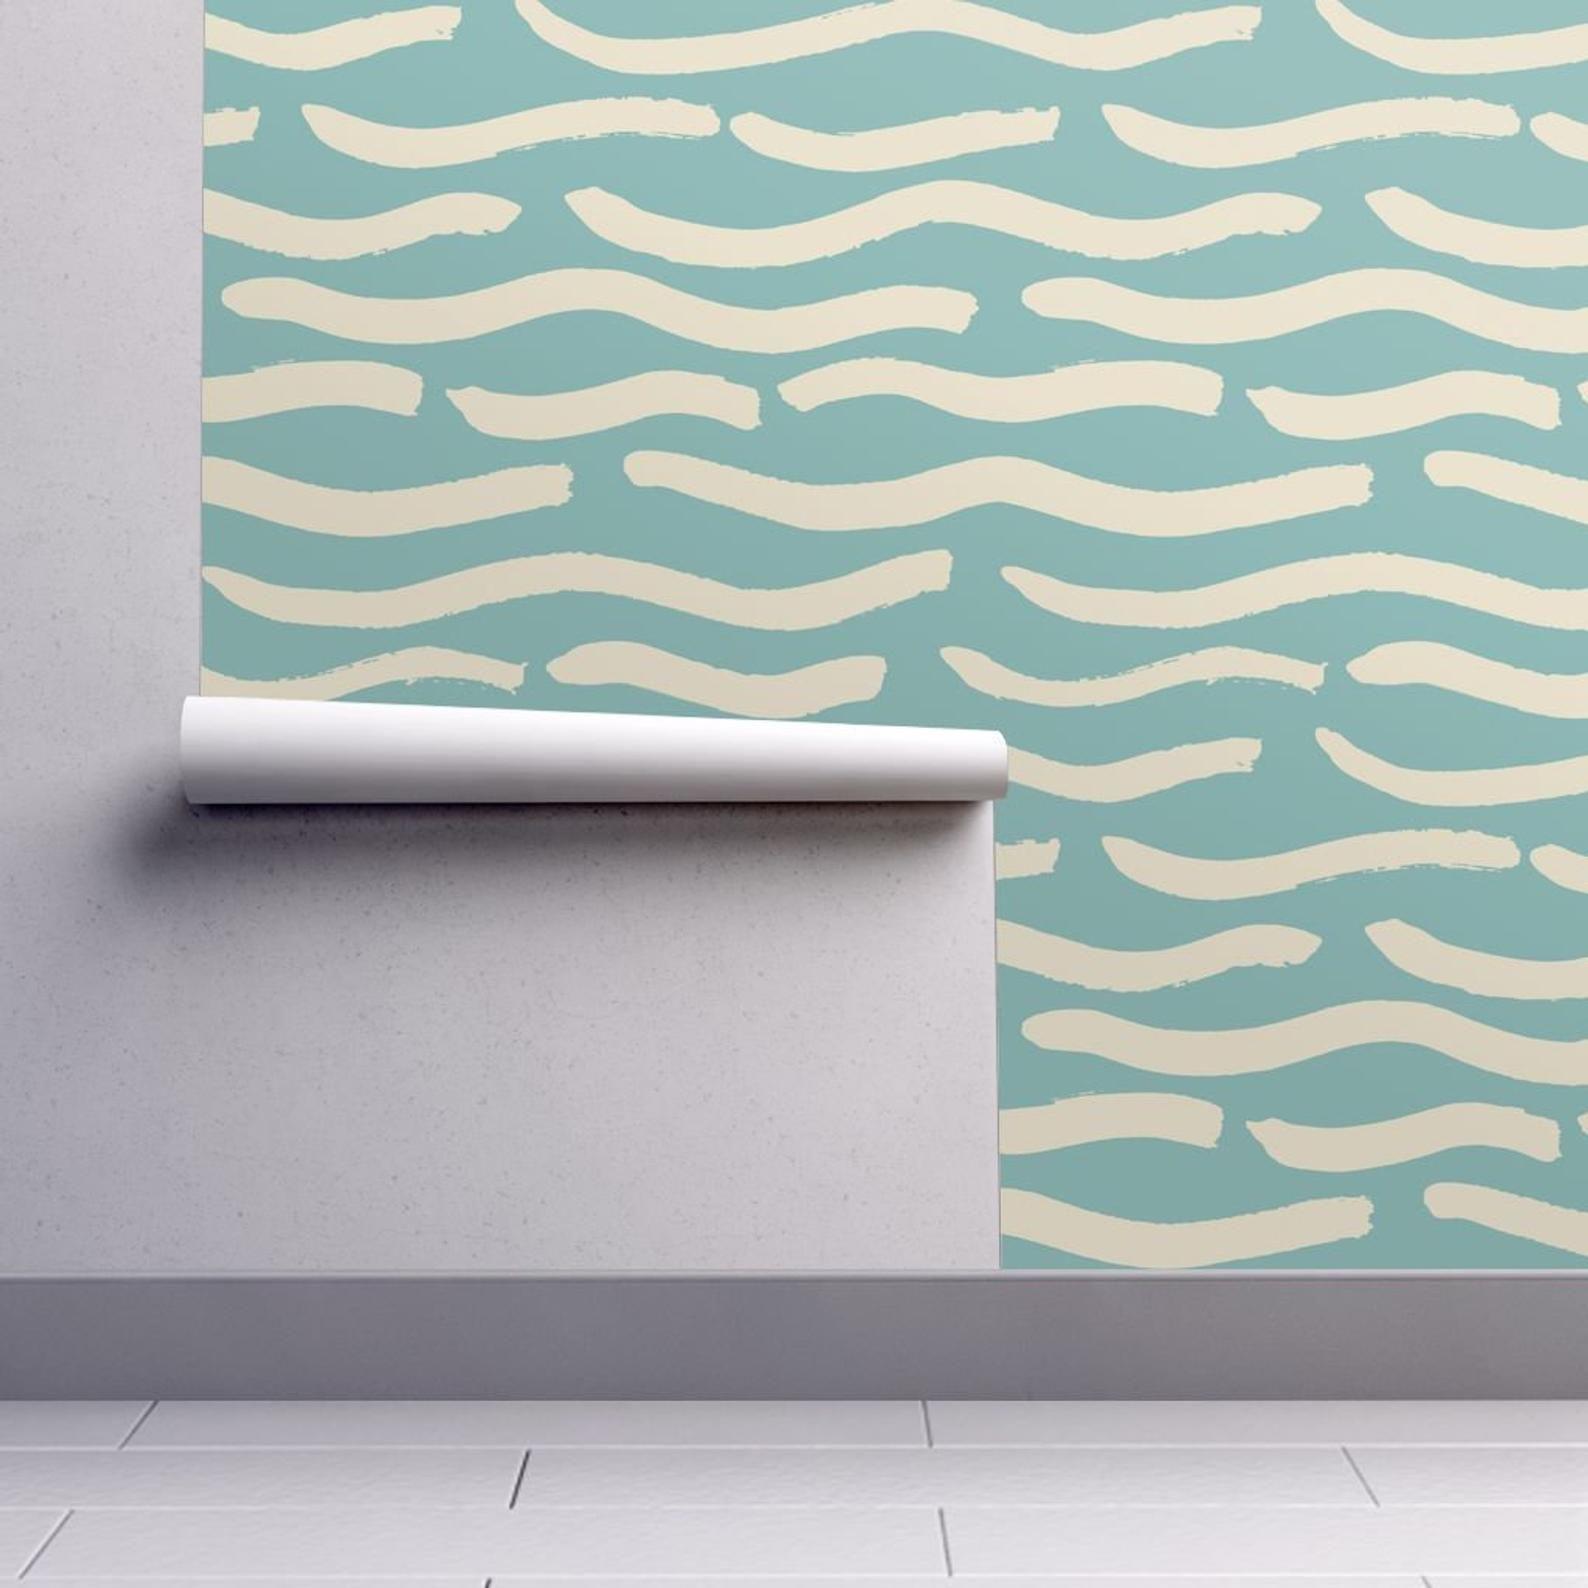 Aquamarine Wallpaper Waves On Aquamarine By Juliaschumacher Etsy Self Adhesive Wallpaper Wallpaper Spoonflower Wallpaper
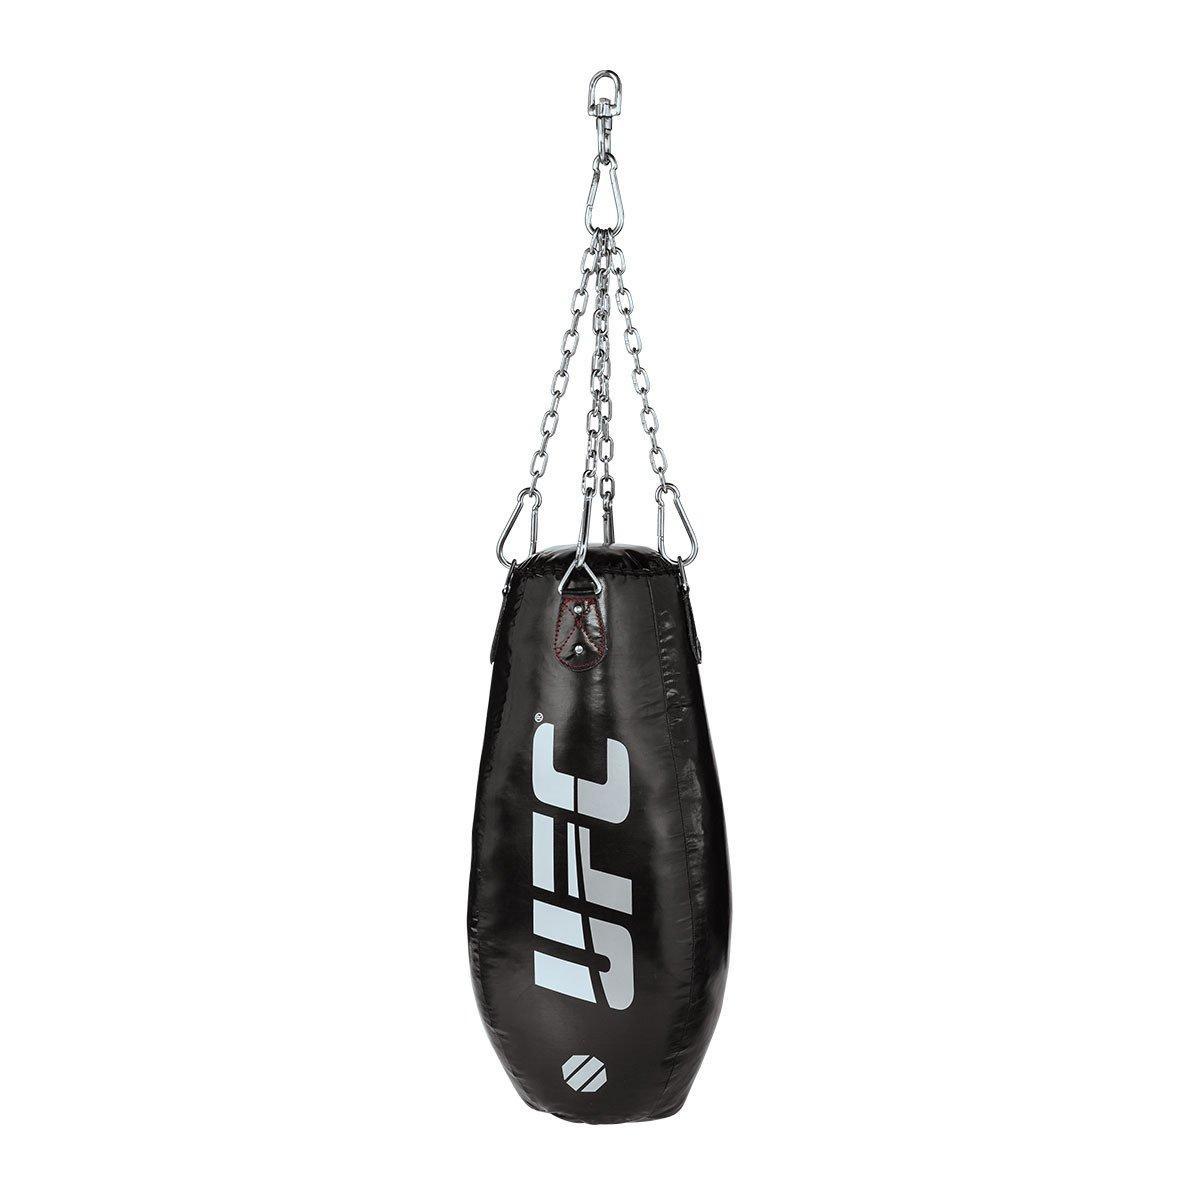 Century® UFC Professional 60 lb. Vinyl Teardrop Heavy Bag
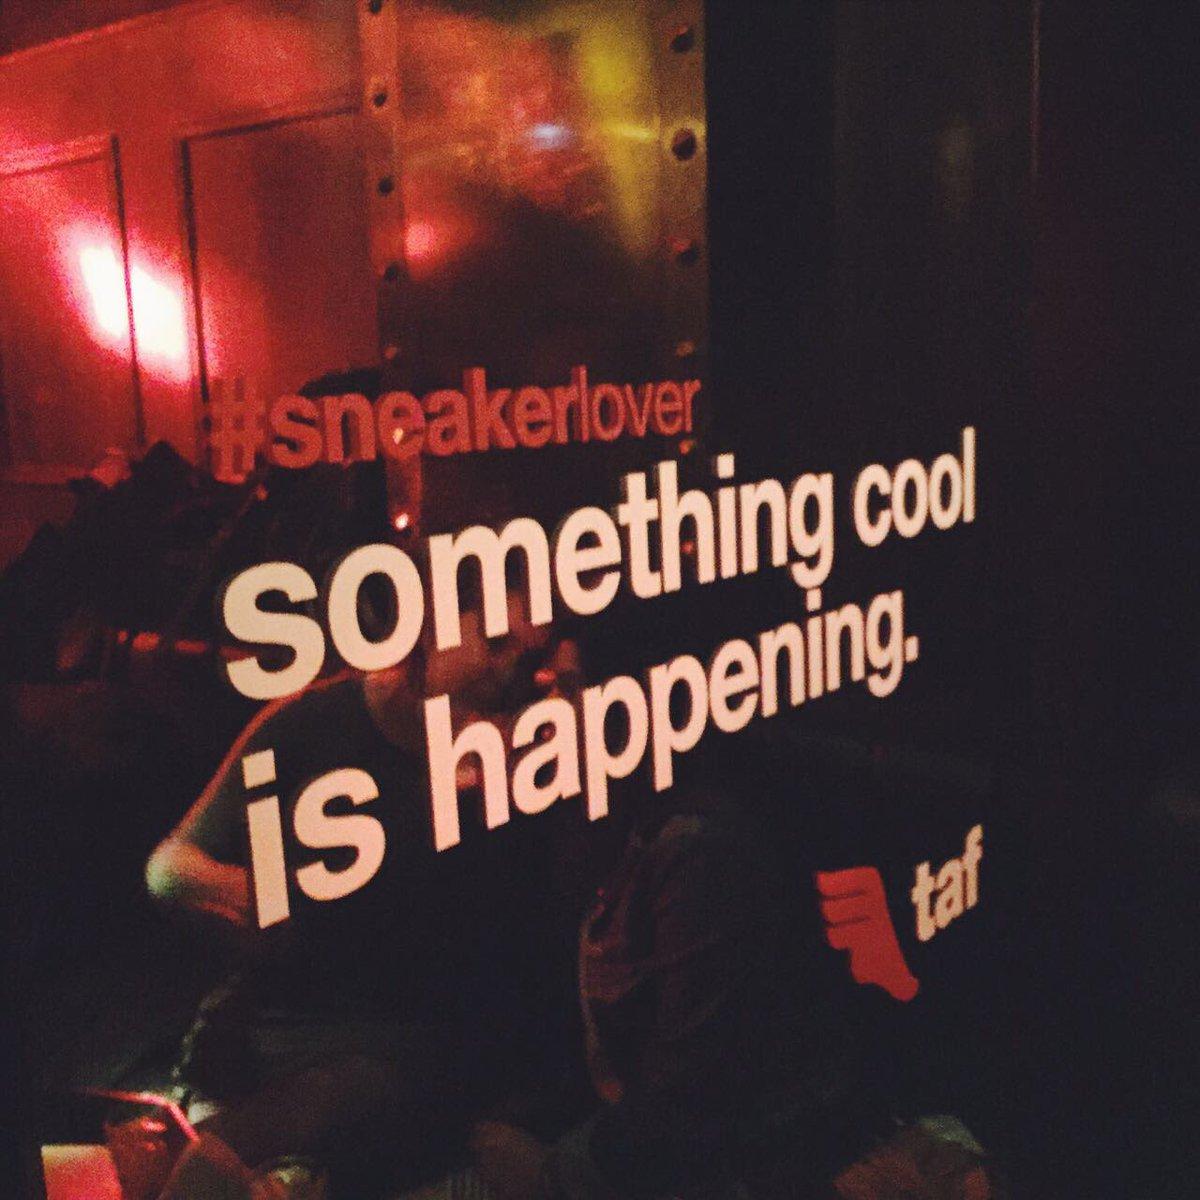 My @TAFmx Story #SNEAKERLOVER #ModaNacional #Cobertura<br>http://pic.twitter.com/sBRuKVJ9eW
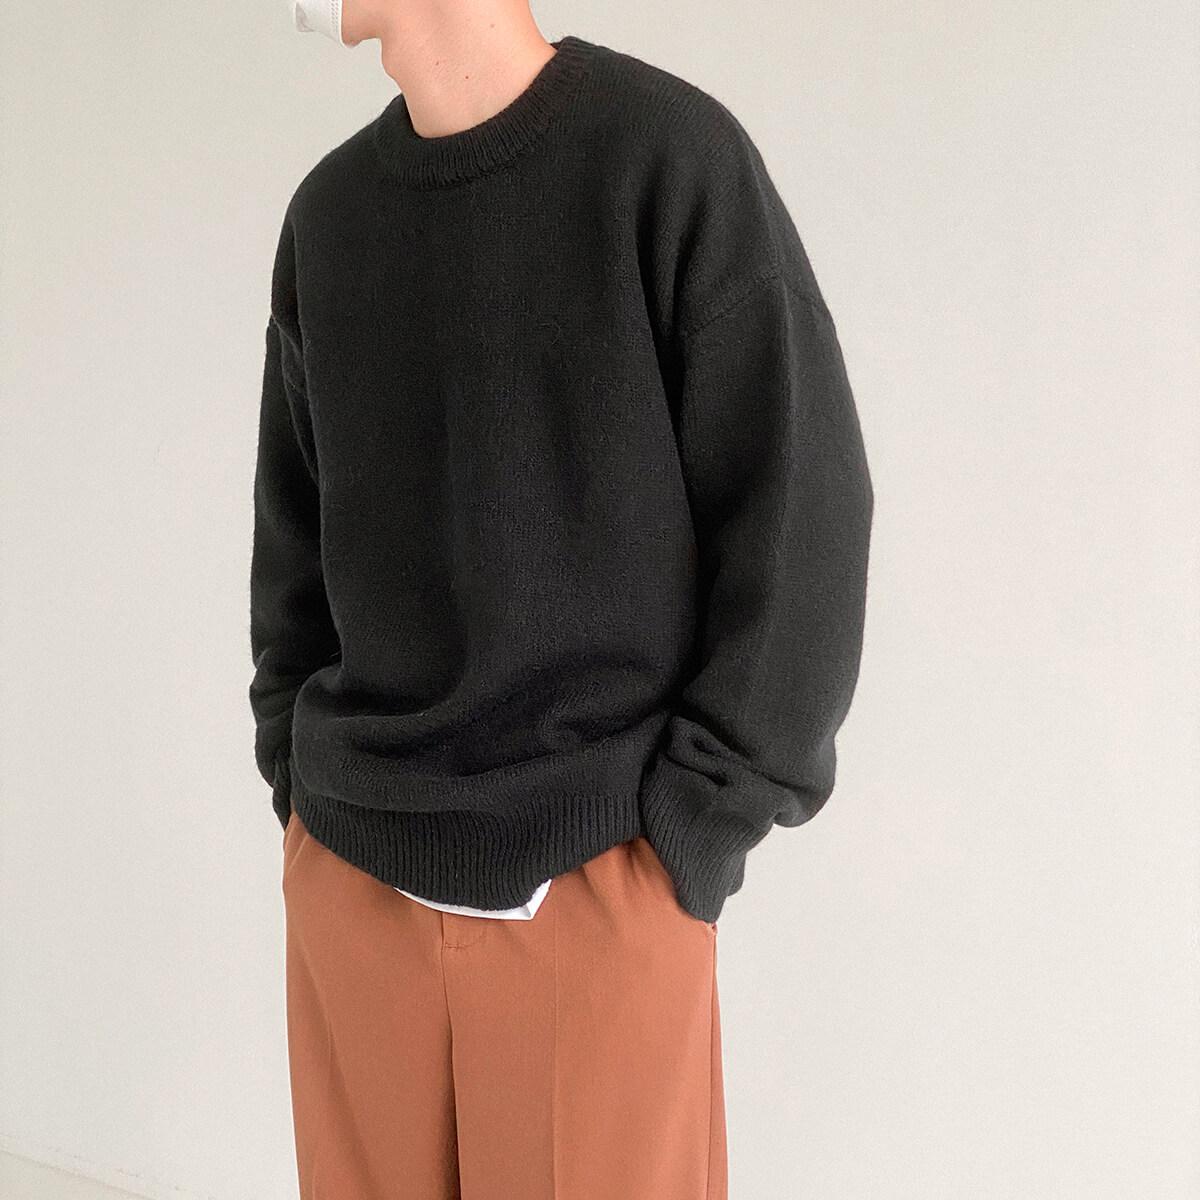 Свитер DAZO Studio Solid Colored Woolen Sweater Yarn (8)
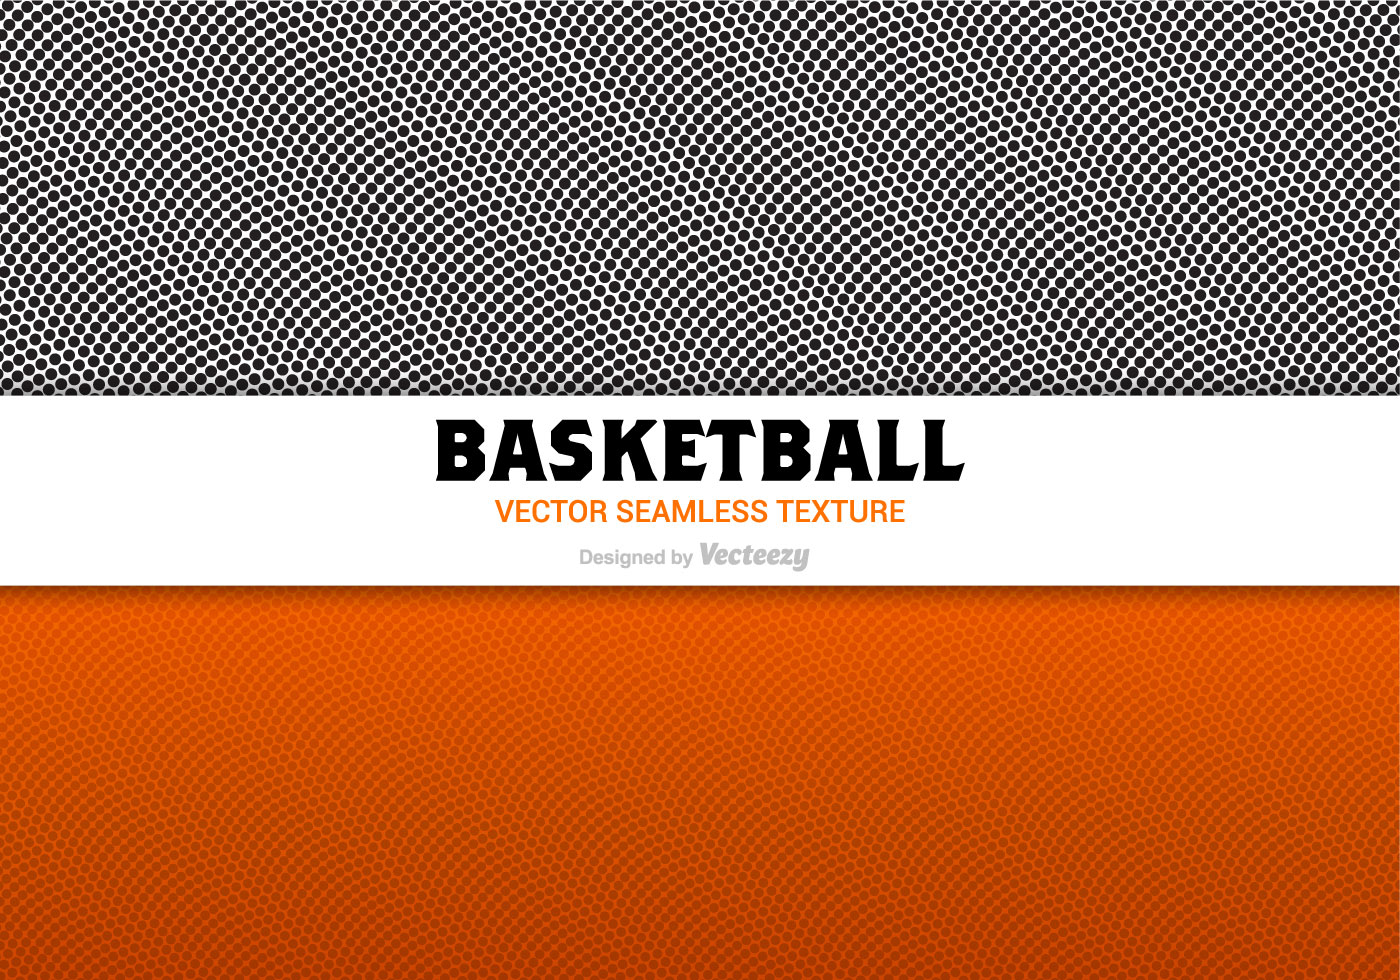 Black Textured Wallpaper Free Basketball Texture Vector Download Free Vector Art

========================================================================

* EXERCISE
After dropping the pictures, reproduce exactly the lines from the first line of the entries through the line containing "My @TAFmx Story", both included.

* EXERCISE SOLUTION
 Aquamarine Wallpaper Waves On Aquamarine By Juliaschumacher Etsy Self Adhesive Wallpaper Wallpaper Spoonflower Wallpaper
 Century® UFC Professional 60 lb. Vinyl Teardrop Heavy Bag
 My @TAFmx Story #SNEAKERLOVER #ModaNacional #Cobertura<br>http://pic.twitter.com/sBRuKVJ9eW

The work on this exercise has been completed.